Basic computing: from left to right 1) multiplication 2) division 3) addition 4) subtraction. Work inside parentheses first.
Multiply and divide have the same precedence as do add and subtract.
I got 165 in my head. As a music and math teacher, I've taught both PEMDAS of BIDMAS. I stick with PEMDAS with the emphasis PE(MD)(AS) you showed. I tell my students multiplication and division are actually the same thing, just expressed as inversions that lead to the same result. As with AS, instead of taking away like subtraction, I rephrase it as adding a negative. So in the problem above, I can easily see how kids get 21, because they are taught to do multiply first instead of divide, no matter where the multiplication operation is in the problem. Any time there is an order of operations problem, I tell my students to convert every division operation to multiplication, and every subtraction operation to addition. Then solve PEMA left to right. It's an extra step, but they soon eliminate those extra steps once they realize MD and AS are grouped to together.
Very good explanation.
I learned PEMAL, ‘M’ultiplication, ‘A’ddition, from ‘L’eft to right
Where division is just multiplication and subtraction is just addition
Something is not OK in teaching math if these kind of problems exist. Parenthesis are used to clarify things in case any doubts . Programming had caused this problem.

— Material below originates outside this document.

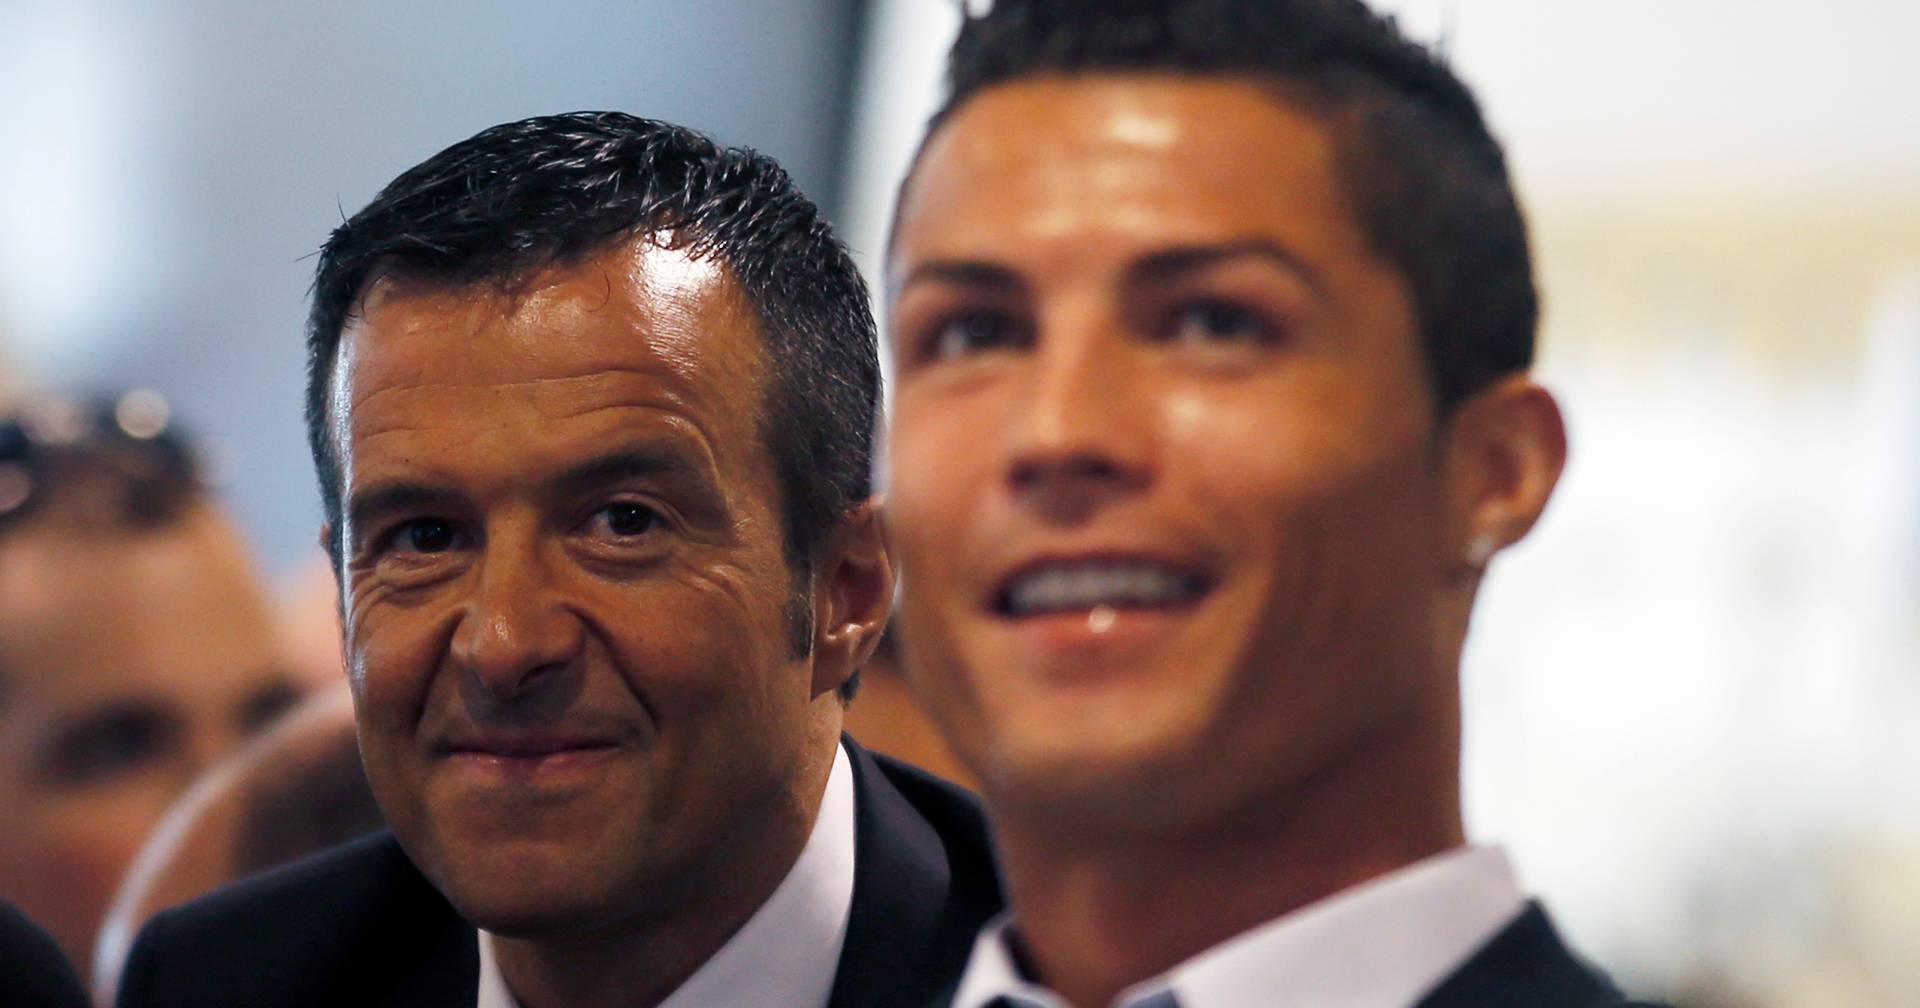 ¿La relación entre Cristiano Ronaldo y Jorge Mendes en crisis?  España habla de «tensiones crecientes»
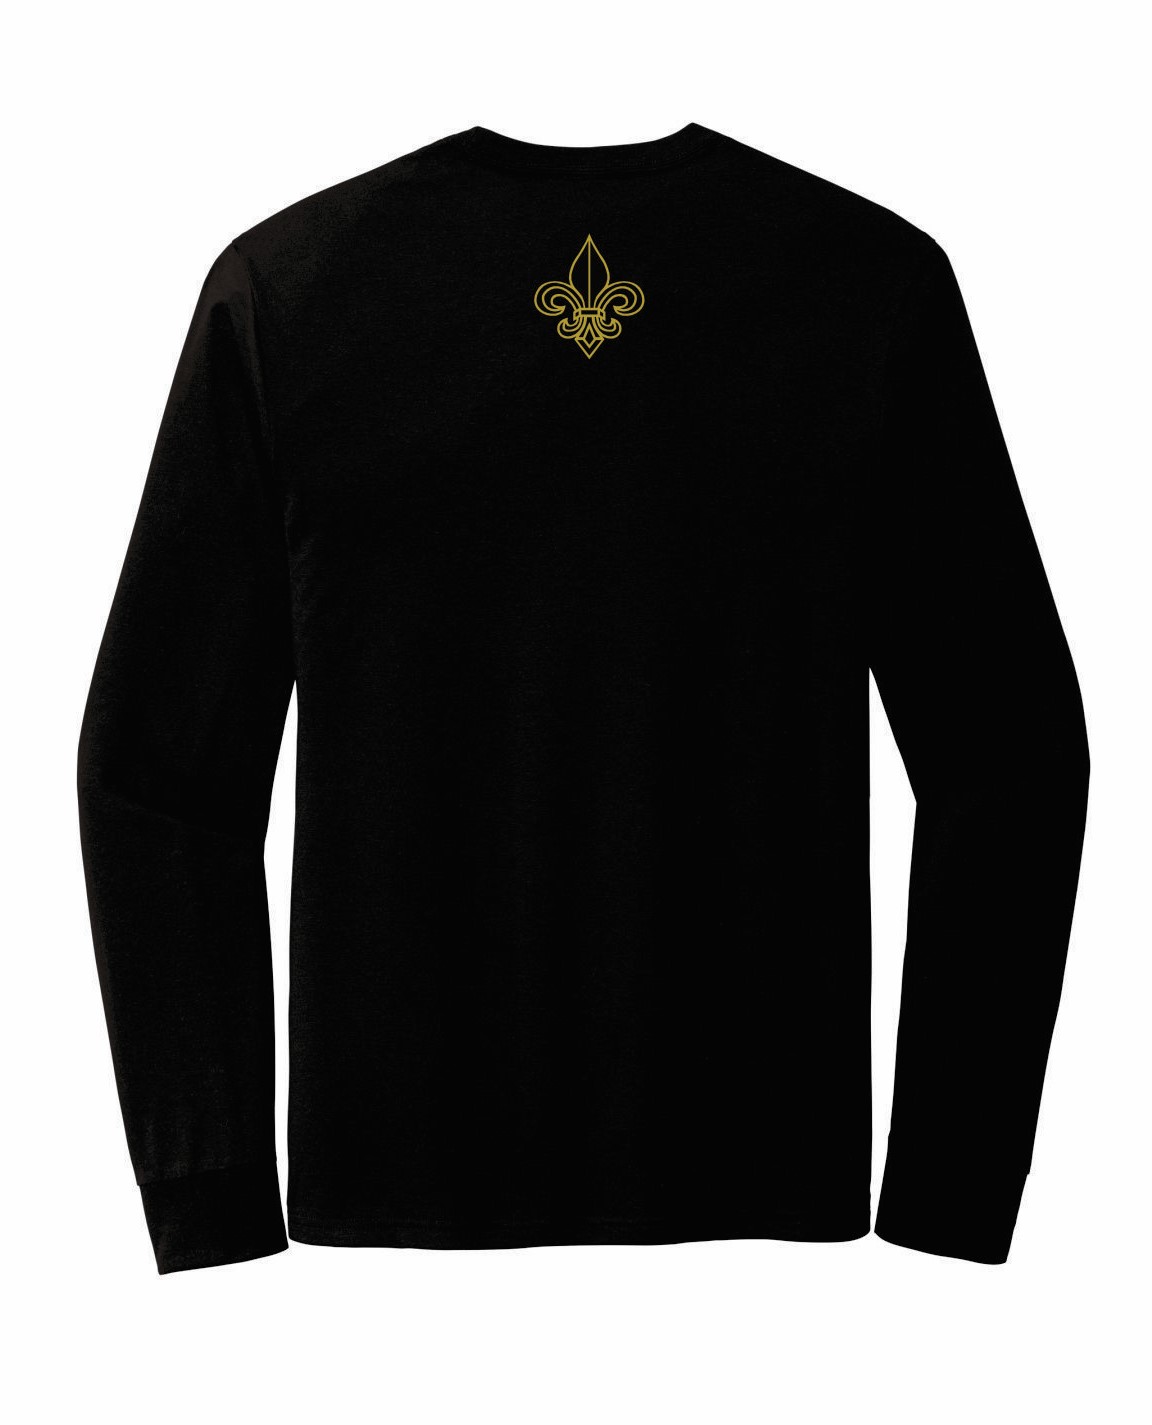 Ochsner Saints Long Sleeve Unisex T-Shirt, Black, large image number 1

You're absolutely correct. The only operations are multiplication and addition. For that matter, multiplication is just a quicker addition.
Interesting- in Canada they teach it as BEDMAS. (B standing for brackets or parentheses) and the rest is the same as this version. My husband taught math for 30 years, so I heard this a lot!
I learned it in elementary school. It’s impossible to forget so I don’t understand how so many don’t do this right.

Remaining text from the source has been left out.